DATASET ENTRIES →
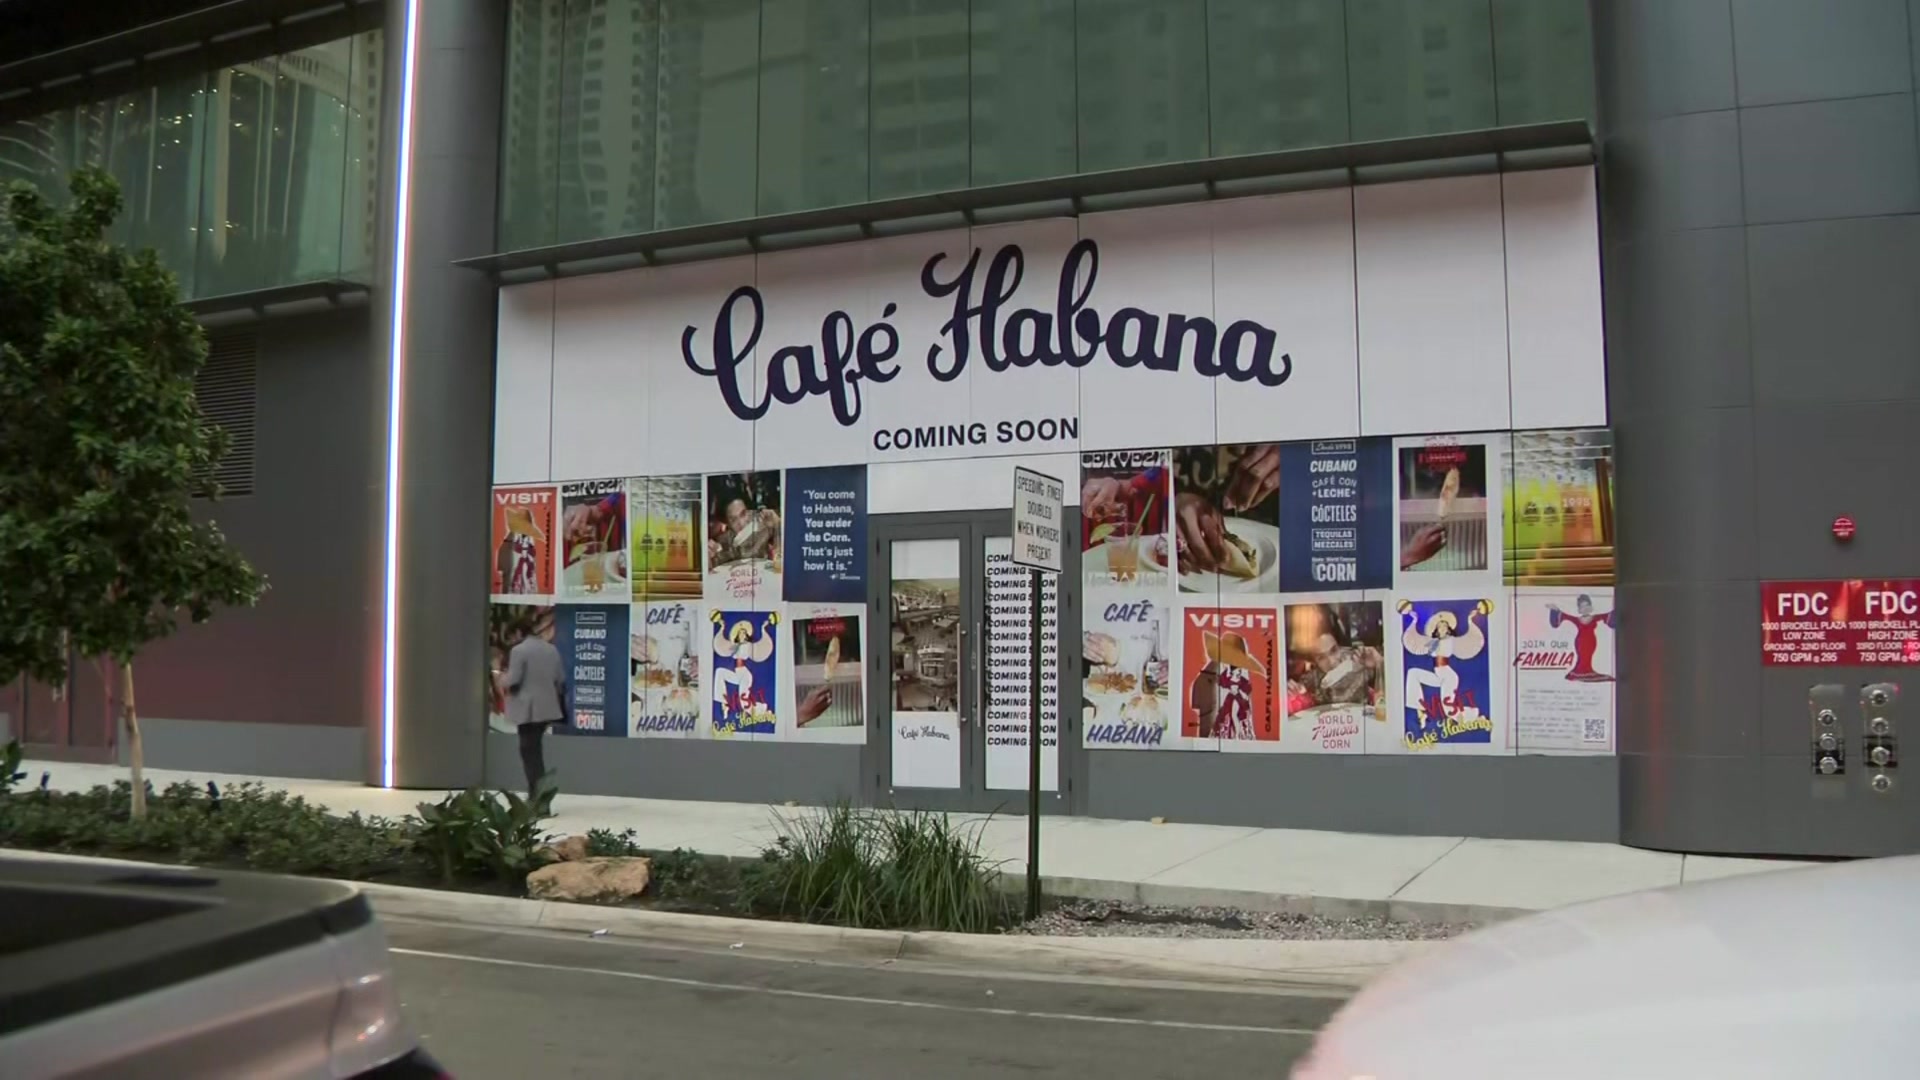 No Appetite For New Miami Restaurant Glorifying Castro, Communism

---

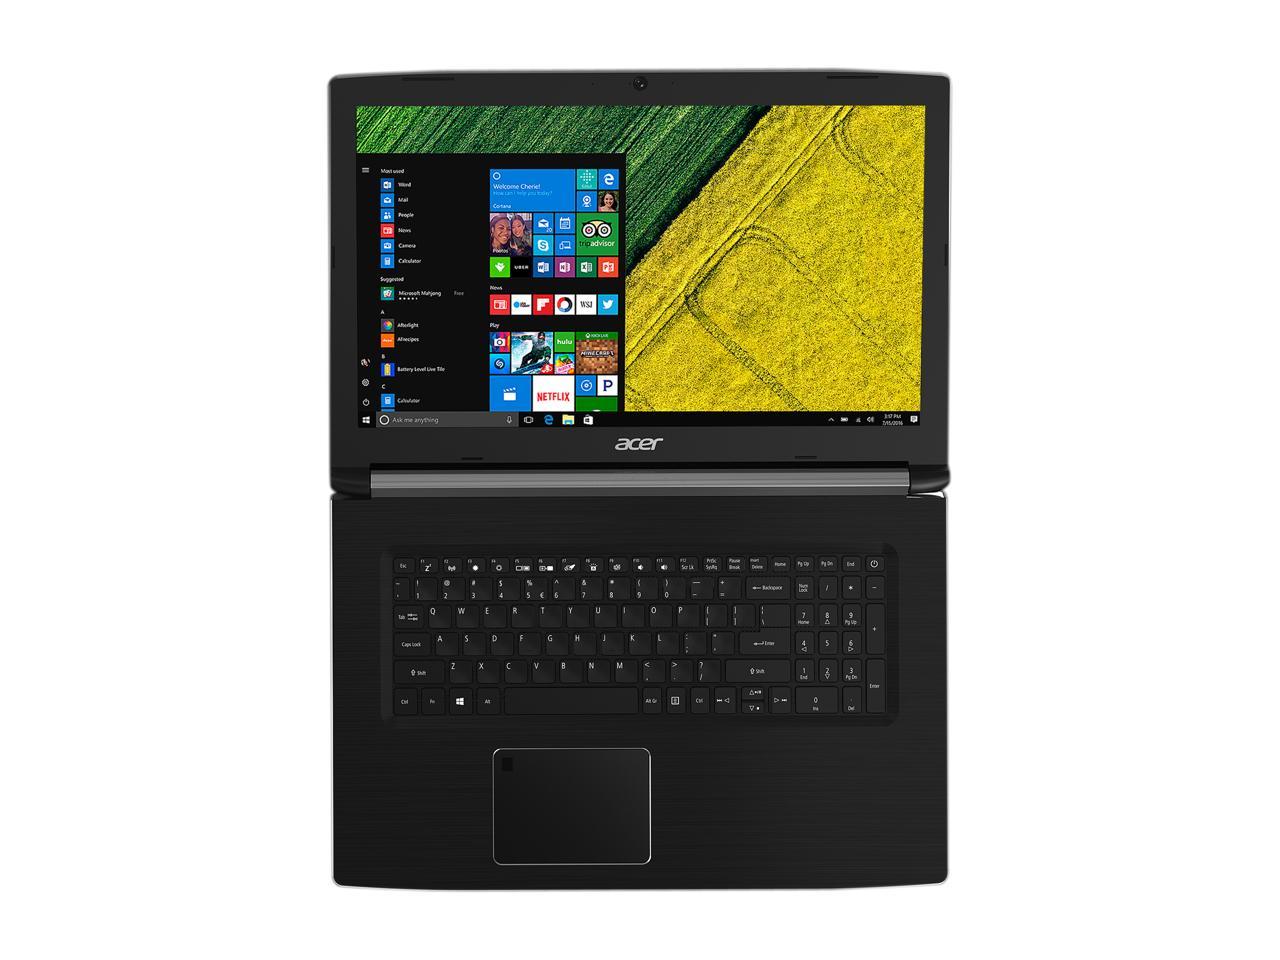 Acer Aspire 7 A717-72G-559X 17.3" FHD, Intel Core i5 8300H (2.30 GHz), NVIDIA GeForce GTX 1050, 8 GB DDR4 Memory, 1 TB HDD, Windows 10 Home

...

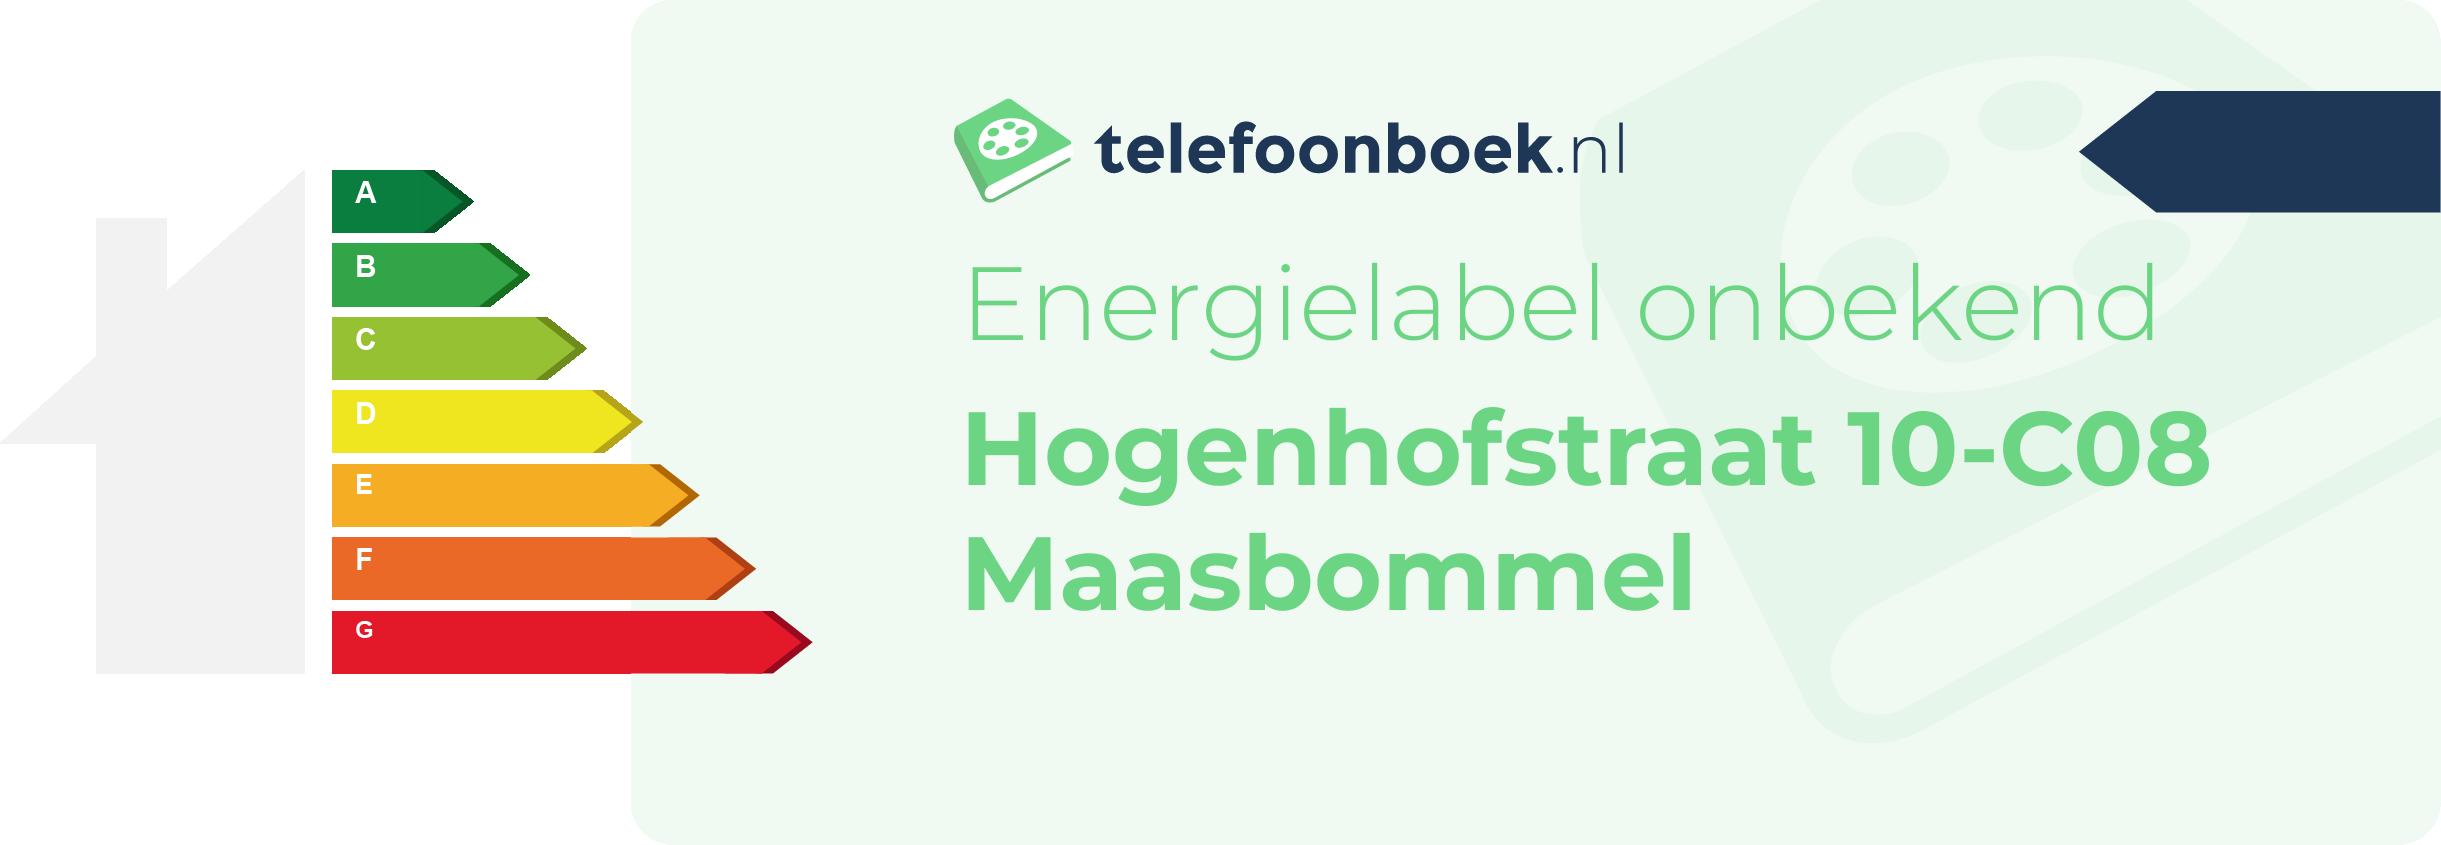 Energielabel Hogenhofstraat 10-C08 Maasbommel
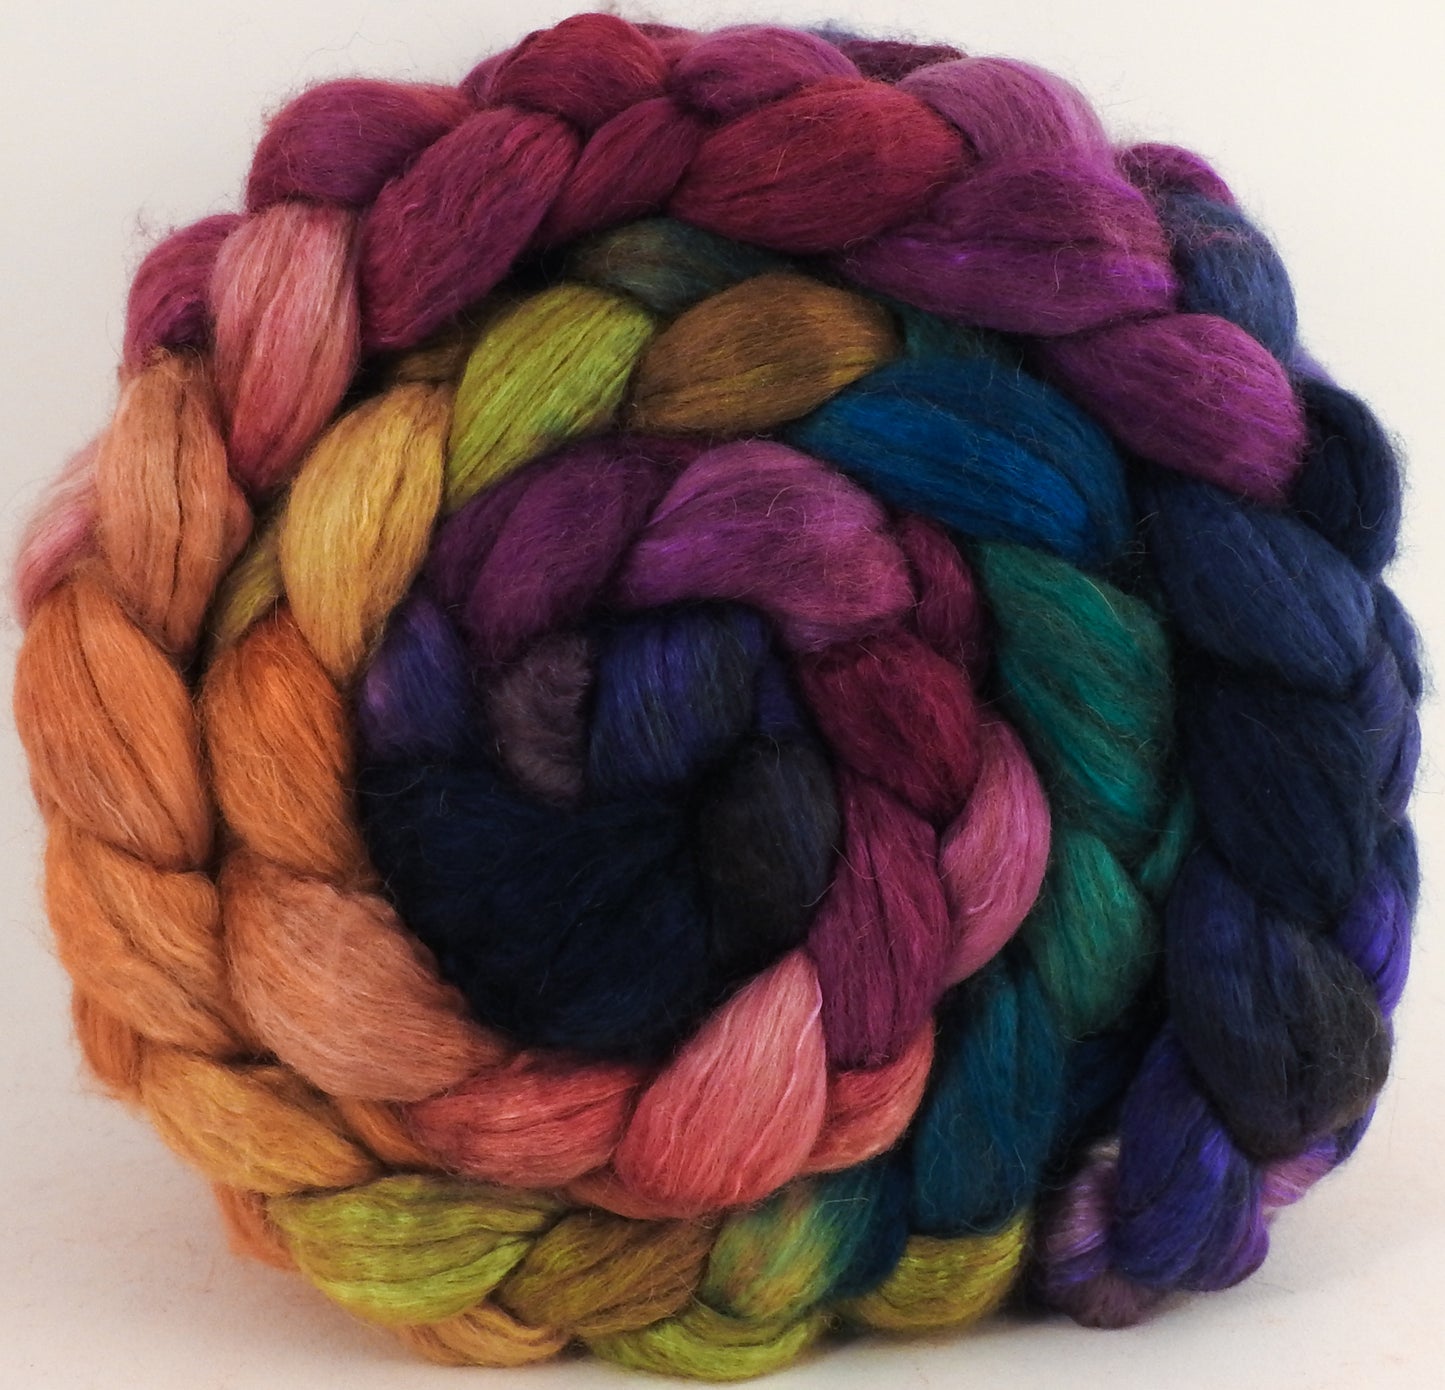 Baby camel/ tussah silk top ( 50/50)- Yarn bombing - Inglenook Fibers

BRIEF → From the data above, retype only the lines starting with the line with "Energielabel Hogenhofstraat 10-C08" and going on through the line with "Baby camel/ tussah", exactly, leaving out the pictures.

OUTPUT FOR THIS EXERCISE →
 Energielabel Hogenhofstraat 10-C08 Maasbommel
 Baby camel/ tussah silk top ( 50/50)- Yarn bombing - Inglenook Fibers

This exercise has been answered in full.